Steeds meer flexwerkers, is dat een probleem? En wat willen partijen eraan doen?
De flexibilisering op de arbeidsmarkt is doorgeslagen, zegt de nieuwe baas van de FNV. Han Busker roept de politiek op om meer vaste banen terug te brengen. In dit artikel staan antwoorden op de vragen hoe groot de groep werknemers zonder vast contract is, of die mensen dat zelf een probleem vinden en hoe de verschillende partijen hierover denken.
De belangrijkste oorzaak van de groei van flexwerk is volgens het Centraal Planbureau de beperking van risico's en kosten voor werkgevers. Losse mensen zijn vaak goedkoper en werkgevers zitten niet zo lang aan ze vast als ze ziek worden of als het slechter gaat met de zaak.
Dat zie je terug in de cijfers: in 2004 was nog 73 procent van de werkzame bevolking in vaste dienst. In 2010 was dat gedaald naar 67 procent. En vorig jaar had nog maar 61 procent een vast arbeidscontract. Daar tegenover staat de gestage groei van het aandeel mensen met een tijdelijk contract en zzp’ers, zo blijkt uit CBS-gegevens.
Steeds meer flexwerkers en zzp'ers
Hoe hard het precies gaat, hangt af van de sector waarin je werkt. De flexibilisering is het grootst op de laagste beroepsniveaus.
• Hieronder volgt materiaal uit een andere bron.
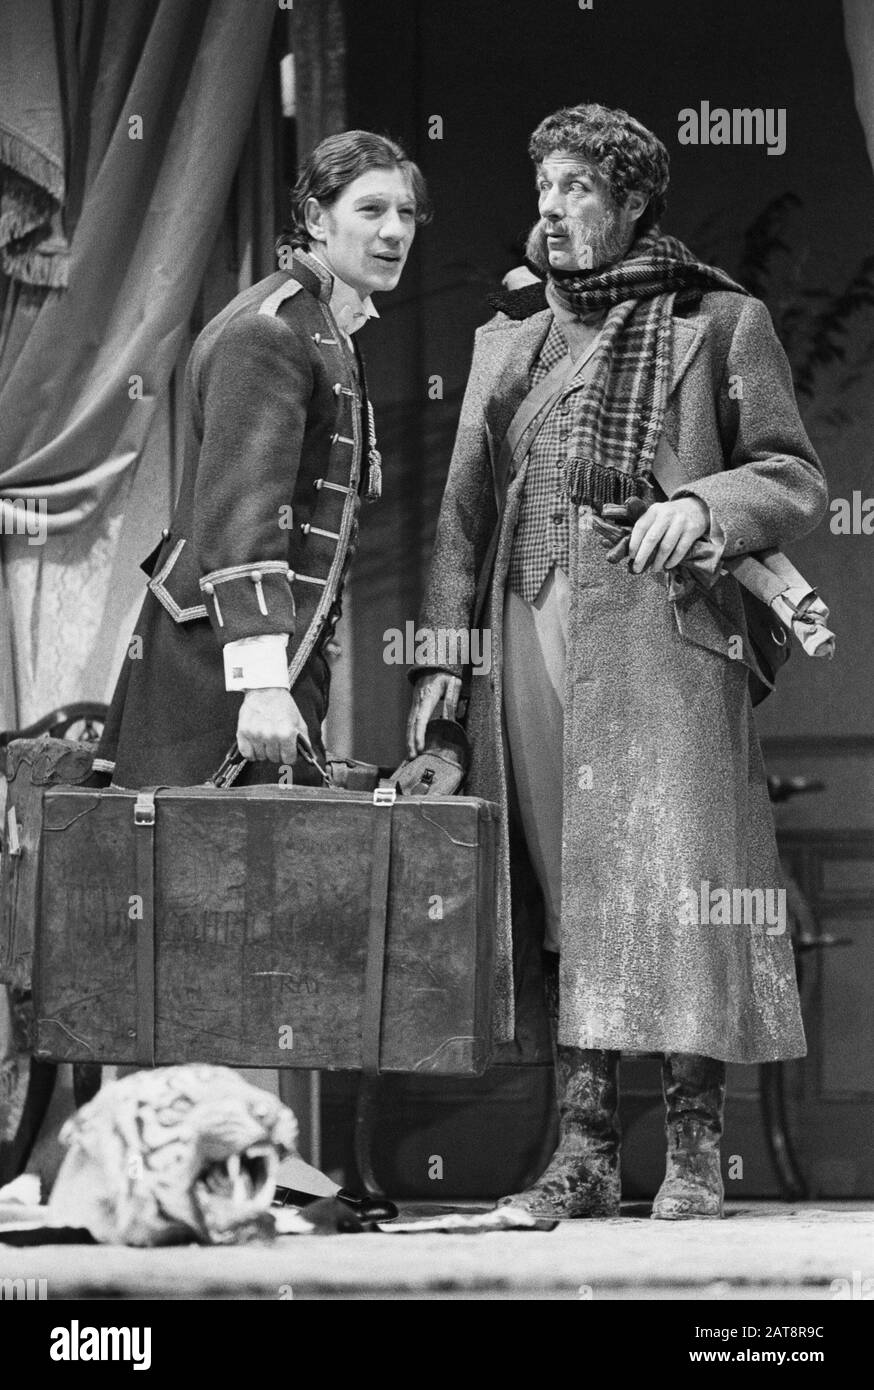 Ian McKellen (Lady Wishfort's Footman) and John Woodvine (Sir Wilful Witwoud) in THE WAY OF THE WORLD by William Congreve directed by David William for the Actors Company UK Tour in 1973. Sir Ian Murray McKellen, born 1939, Burnley, England. English stage and film actor. Co-founder of Stonewall, gay rights activist, knighted in 1990, made a Companion of Honour 2007. Stock Photo

De Nederlandsche Bank becijferde dat vooral de vaste banen van sportinstructeurs en bouwvakkers verdwijnen, om te worden omgezet naar flexibele contracten en zzp-constructies.
Dienstverband per opleidingsniveau 2010-2016
Overigens leiden meer tijdelijke contracten niet automatisch tot minder vaste banen: in verschillende sectoren groeiden zowel het aantal vaste als tijdelijke contracten. Alleen was de groei van de tijdelijke contracten groter.
De stijging in het aantal flexibele contracten doet zich vooral voor bij werknemers die minder dan vier jaar op de arbeidsmarkt zijn, zo stelt het Sociaal Cultureel Planbureau (SCP) vast. Dat zijn vaak jongeren die nog niet zo lang werken.
Jongeren
Volgens het SCP is het risico op werkloosheid bij flexwerkers groter dan bij mensen met een vaste baan. Mensen met een vast dienstverband hebben een kans van 97 procent dat ze twee jaar later nog steeds betaald werk hebben. Bij mensen met een tijdelijk contract is dat 87 procent. De kans dat zij werkloos raken is vier keer zo groot als bij mensen met een vaste aanstelling.
Door die relatieve onzekerheid zijn mensen met een tijdelijk contract ook het minst tevreden over hun baan, blijkt uit onderzoek van het SCP. Zzp’ers zijn het meest tevreden, vooral vanwege de mogelijkheid om hun eigen tijd in te delen.
Inkomen
Toch hebben veel zzp’ers ook zorgen: hun persoonlijk inkomen is gemiddeld lager dan werknemers maar ook lager dan zelfstandigen met personeel. Uit cijfers tot en met 2012 – dus voor het herstel van de economie – blijkt dat 15 procent kan worden gerekend tot de armen, tegen 2 procent bij de mensen in loondienst en 7 procent bij de flexwerkers.
Desondanks zegt maar 6 procent van de zzp’ers dat ze liever een vaste baan zouden hebben. Terwijl het merendeel van de werknemers met een flexibel contract volgens het CBS juist flexwerker is uit noodzaak: het lukt hen niet om een vaste baan te bemachtigen (30 procent) of ze zijn gewoon nieuw bij hun werkgever (38 procent). Ouderen vinden het veel belangrijker om een vaste baan te krijgen dan de jongste groep.
Redenen 'flexibele arbeidsrelatie'
Politieke partijen hebben zeer uiteenlopende ideeën over de arbeidsmarkt. Zo wil GroenLinks dat werkgevers een hogere prijs betalen voor tijdelijke contracten en wil D66 naar een contract voor onbepaalde tijd voor iedere werknemer, mits het ontslagrecht verder gemoderniseerd wordt. De VVD stuurt aan op meer maatwerk tussen werkgevers en werknemers. De SP stelt eerdere vaste contracten in het vooruitzicht. De PVV zegt er niets over. Het CDA bepleit nieuwe, flexibele arbeidscontracten met een looptijd van vijf jaar. De PvdA wil werknemers met een tijdelijk contract in principe een vast contract bieden.